So in smokers columnar to squamous metaplasia takes place. How does this help handle the stress better?

In Barret esophagus, how does squamous to columnar metaplasia help hand the stress better?

Many thanks!
 
Squamous epithelium is supposed to be more "resilient": your vocal cords take a beating opening and closing so much with high-velocity air, so they're lined with it. Other obvious sites of potential trauma include the vagina, skin, etc. Things generally turn squamous in the face of chronic stress.

Another thing about squamous metaplasia: Recall that vitamin A maintains cellular differentiation and that deficiency causes squamous metaplasia (e.g.

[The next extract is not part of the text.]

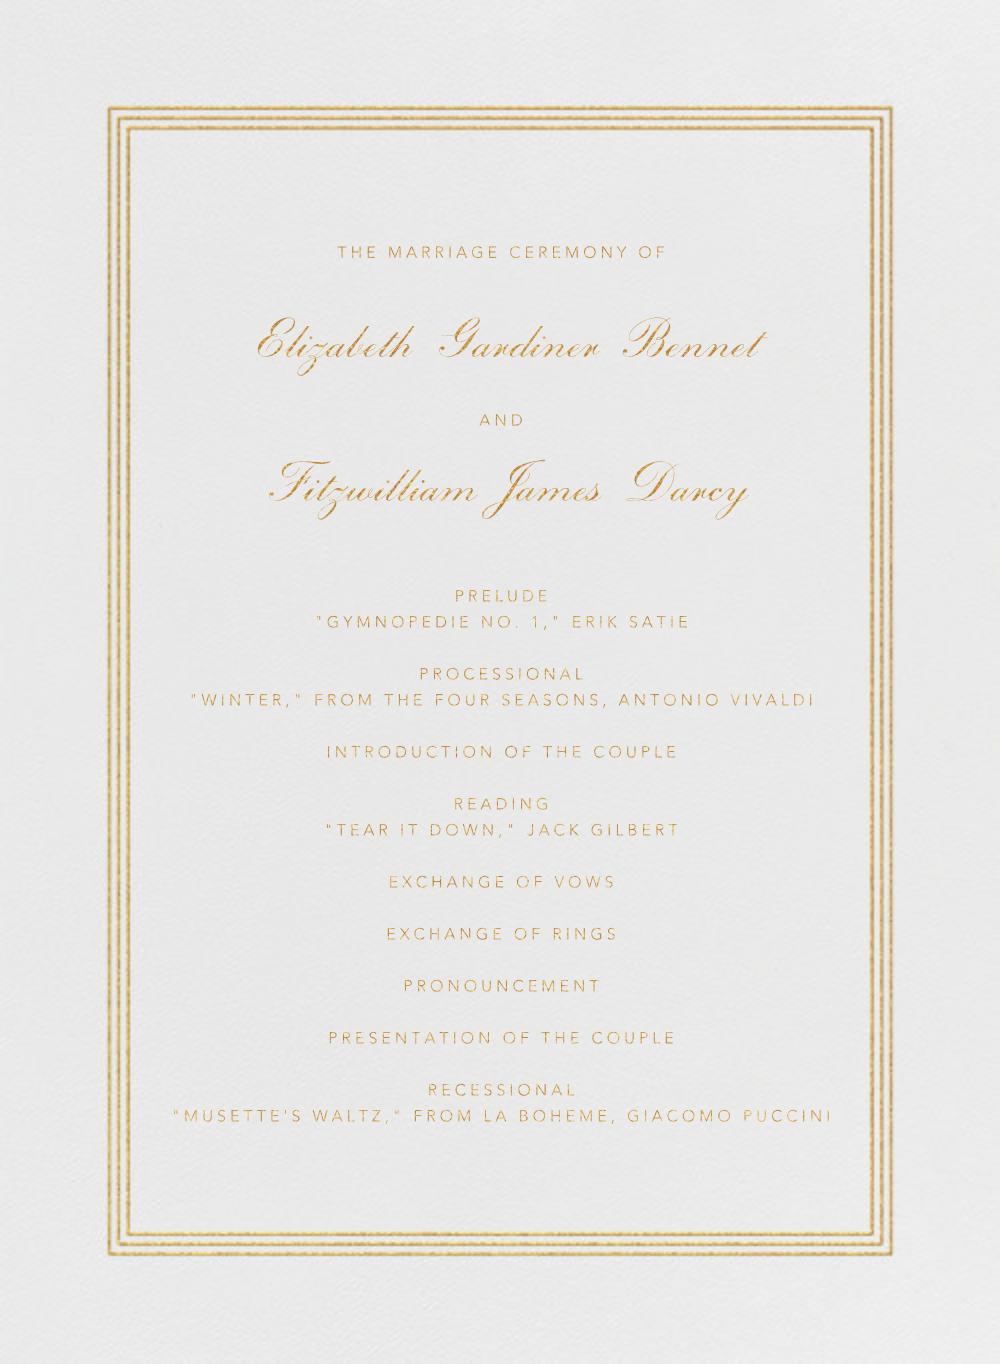 Whitby (Program) - Medium Gold - Paperless Post - Menus and programs

Bitot spots). Dr. Sattar (Pathoma) mentioned that smoking can cause a relative vitamin A deficiency in reference to periductal mastitis in one of his lectures; I would assume the same reasoning could apply as an additional explanation to squamous metaplasia of the respiratory system in smoking.

The only reason Barrett's turns columnar instead is because it's actually columnar w/ goblet cells. This allows for a protective mucus lining reminiscent of the stomach's mucus layer. Again, the emphasis is on the goblet cells conferring an advantage to resist acidic stress. I would guess that if the cells didn't have the potential to include goblet cells in their metaplasia, they would stay as squamous cells.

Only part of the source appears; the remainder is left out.